2008-04-22 Thread Christoph Lameter
On Tue, 22 Apr 2008, Andrea Arcangeli wrote:

> My patch order and API backward compatible extension over the patchset
> is done to allow 2.6.26 to fully support KVM/GRU and 2.6.27 to support
> XPMEM as well. KVM/GRU won't notice any difference once the support
> for XPMEM is added, but even if the API would completely change in
> 2.6.27, that's still better than no functionality at all in 2.6.26.

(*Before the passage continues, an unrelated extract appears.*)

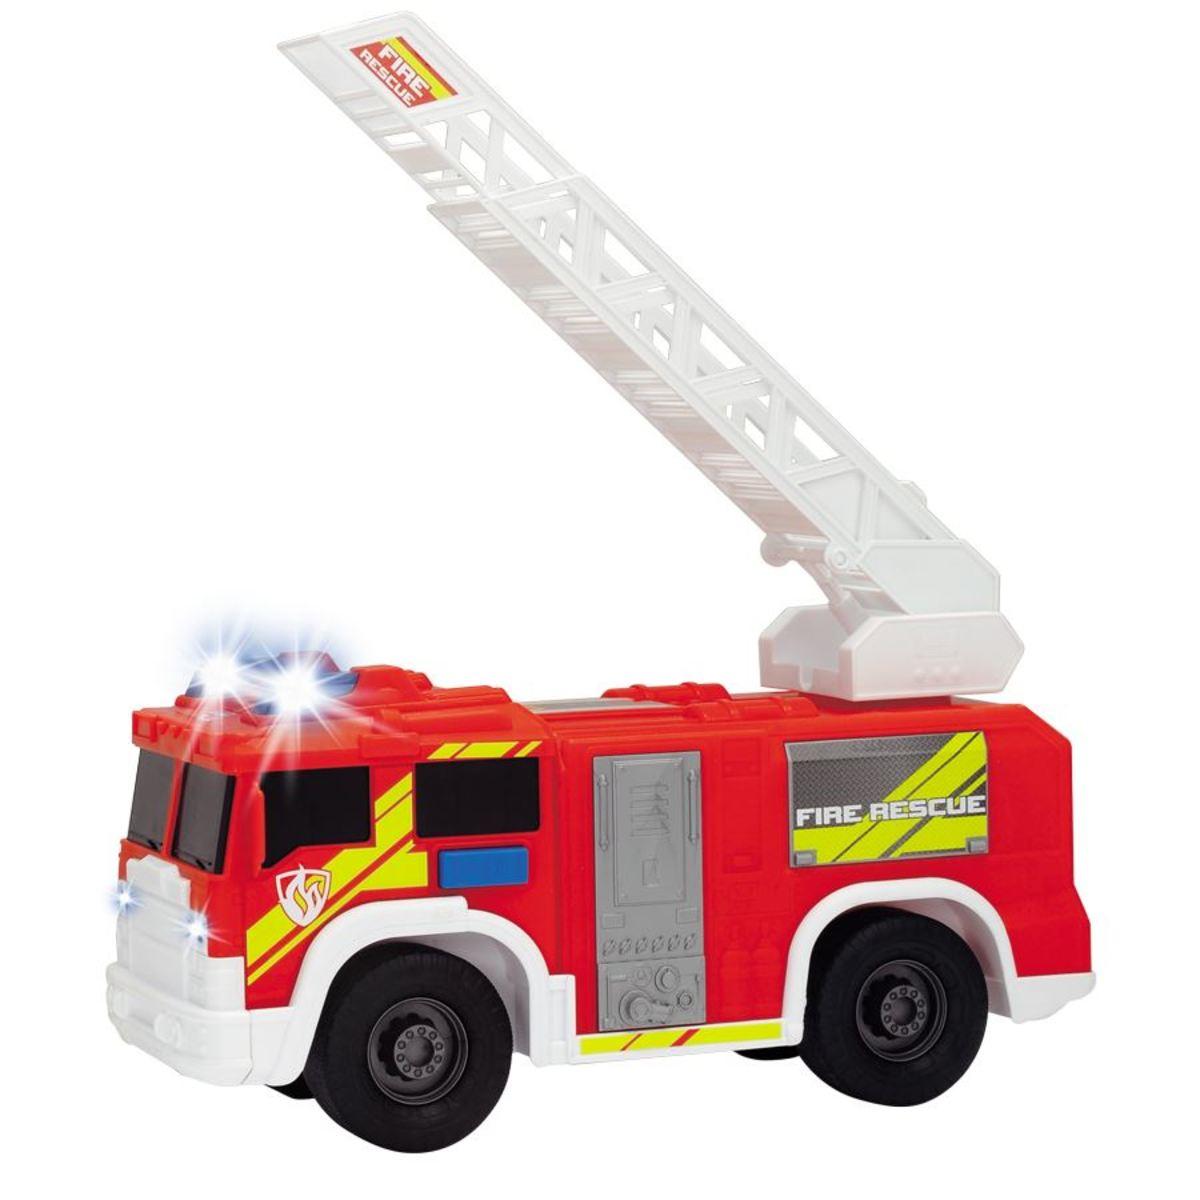 Bild 4 von Dickie Toys Feuerwehrauto Fire Rescue Unit

Please redo the patchset with the right order. To my knowledge there is no 
chance of this getting merged for 2.6.26.


-
This SF.net email is sponsored by the 2008 JavaOne(SM) Conference 
Don't miss this year's exciting event. There's still time to save $100. 
Use priority code J8TL2D2. 
http://ad.doubleclick.net/clk;198757673;13503038;p?http://java.sun.com/javaone
___
kvm-devel mailing list
kvm-devel@lists.sourceforge.net
https://lists.sourceforge.net/lists/listinfo/kvm-devel


Re: [kvm-devel] [PATCH 10 of 12] Convert mm_lock to use semaphores after i_mmap_lock and anon_vma_lock

2008-04-22 Thread Christoph Lameter
Doing the right patch ordering would have avoided this patch and allow 
better review.



-
This SF.net email is sponsored by the 2008 JavaOne(SM) Conference 
Don't miss this year's exciting event. There's still time to save $100. 
Use priority code J8TL2D2. 
http://ad.doubleclick.net/clk;198757673;13503038;p?http://java.sun.com/javaone
___
kvm-devel mailing list
kvm-devel@lists.sourceforge.net
https://lists.sourceforge.net/lists/listinfo/kvm-devel


Re: [kvm-devel] [PATCH 05 of 12] Move the tlb flushing into free_pgtables. The conversion of the locks

2008-04-22 Thread Christoph Lameter
Why are the subjects all screwed up? They are the first line of the 
description instead of the subject line of my patches.



-
This SF.net email is sponsored by the 2008 JavaOne(SM) Conference 
Don't miss this year's exciting event. There's still time to save $100. 
Use priority code J8TL2D2. 
http://ad.doubleclick.net/clk;198757673;13503038;p?http://java.sun.com/javaone
___
kvm-devel mailing list
kvm-devel@lists.sourceforge.net
https://lists.sourceforge.net/lists/listinfo/kvm-devel


Re: [kvm-devel] [PATCH 04 of 12] Moves all mmu notifier methods outside the PT lock (first and not last

2008-04-22 Thread Christoph Lameter
Reverts a part of an earlier patch. Why isnt this merged into 1 of 12?



-
This SF.net email is sponsored by the 2008 JavaOne(SM) Conference 
Don't miss this year's exciting event. There's still time to save $100. 
Use priority code J8TL2D2. 
http://ad.doubleclick.net/clk;198757673;13503038;p?http://java.sun.com/javaone
___
kvm-devel mailing list
kvm-devel@lists.sourceforge.net
https://lists.sourceforge.net/lists/listinfo/kvm-devel


Re: [kvm-devel] [PATCH 03 of 12] get_task_mm should not succeed if mmput() is running and has reduced

2008-04-22 Thread Christoph Lameter
Missing signoff by you.



-
This SF.net email is sponsored by the 2008 JavaOne(SM) Conference 
Don't miss this year's exciting event. There's still time to save $100. 
Use priority code J8TL2D2. 
http://ad.doubleclick.net/clk;198757673;13503038;p?http://java.sun.com/javaone
___
kvm-devel mailing list
kvm-devel@lists.sourceforge.net
https://lists.sourceforge.net/lists/listinfo/kvm-devel


Re: [kvm-devel] performance with guests running 2.4 kernels (specifically RHEL3)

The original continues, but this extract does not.